- Interactive map of Azad Dam
- Country: Iran
- Location: Sanandaj
- Opening date: 2018

Dam and spillways
- Impounds: Gura River
- Height: 115 m (377 ft)
- Length: 595 m (1,952 ft)
- Width (crest): 15 m (49 ft)
- Dam volume: 8,500,000 m^{3} (11,117,580 cu yd)

Reservoir
- Total capacity: 260,000,000 m^{3} (210,000 acre⋅ft)

Power Station
- Commission date: 2018
- Turbines: 3 x 3.3 MW (4,400 hp) Francis-type, 3 x 166.3 MW (223,000 hp) reversible Francis
- Installed capacity: Conventional max. planned: 10 MW (13,000 hp) Pumped storage max. planned: 500 MW
- Annual generation: 95 GWh (340 TJ)

= Azad Dam =

Dam in Kordestan, Iran

Azad Dam (Persian: سد آزاد) is an embankment dam on the Gura River, 40 km west of Sanandaj in Kordestan province, Iran. It is situated in Kurdistan Province and its construction is part of a water management plan for Kurdistan Province. It has an installed electricity generating capacity of 10 MW and future pumped storage power plant with a regenerating capacity of 500 MW.

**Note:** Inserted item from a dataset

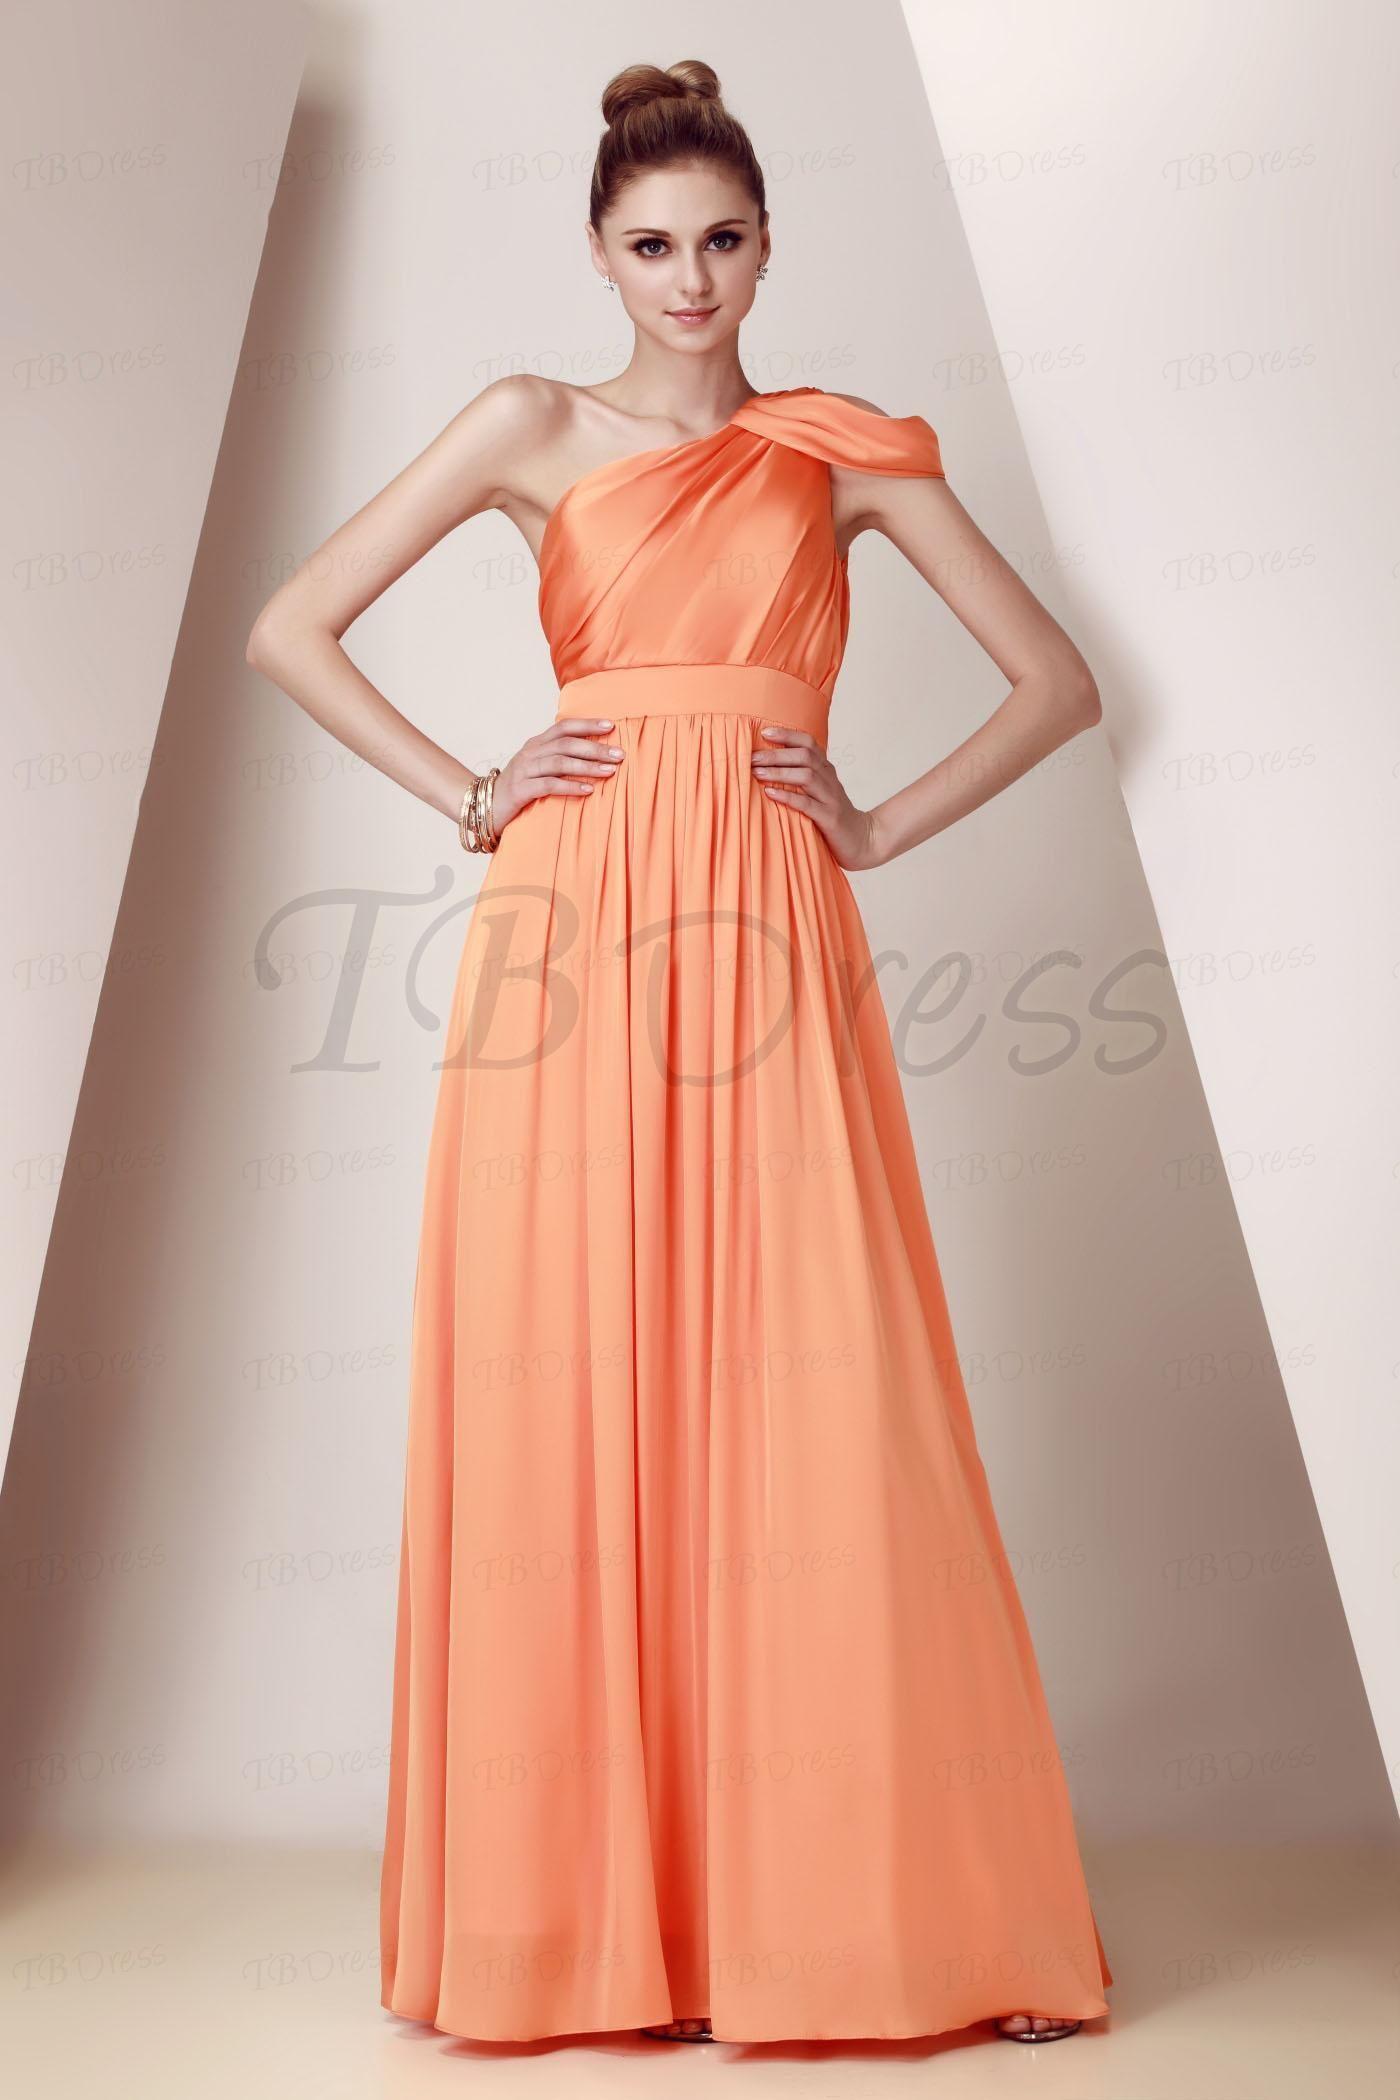 Discount Bridesmaid Dresses Orange County - Bridesmaid Dresses US

The pumped storage power plant is to be connected to the dam via a 1600 m tunnel of which 110 m was built by June 2010. The dam with a length of 595 m and a height of 115 m, has a maximum storage capacity of 260000000 m3 of water. A 175 km canal connecting the dam with towns of Qarveh and Dehlegan will annually supply over 0.25 km3 of water for agricultural purposes to these towns. As the water table of these towns have gone down by over 18 m due to the excessive use of underground water for crop cultivation, the construction of this dam will help to conserve the underground water sources of the area. One village had to be relocated due to construction of the dam and another new village has been built near the body of the dam. It is estimated that Azad dam will yearly produce approximately 95 GWh of electricity. The dam was operational in 2018.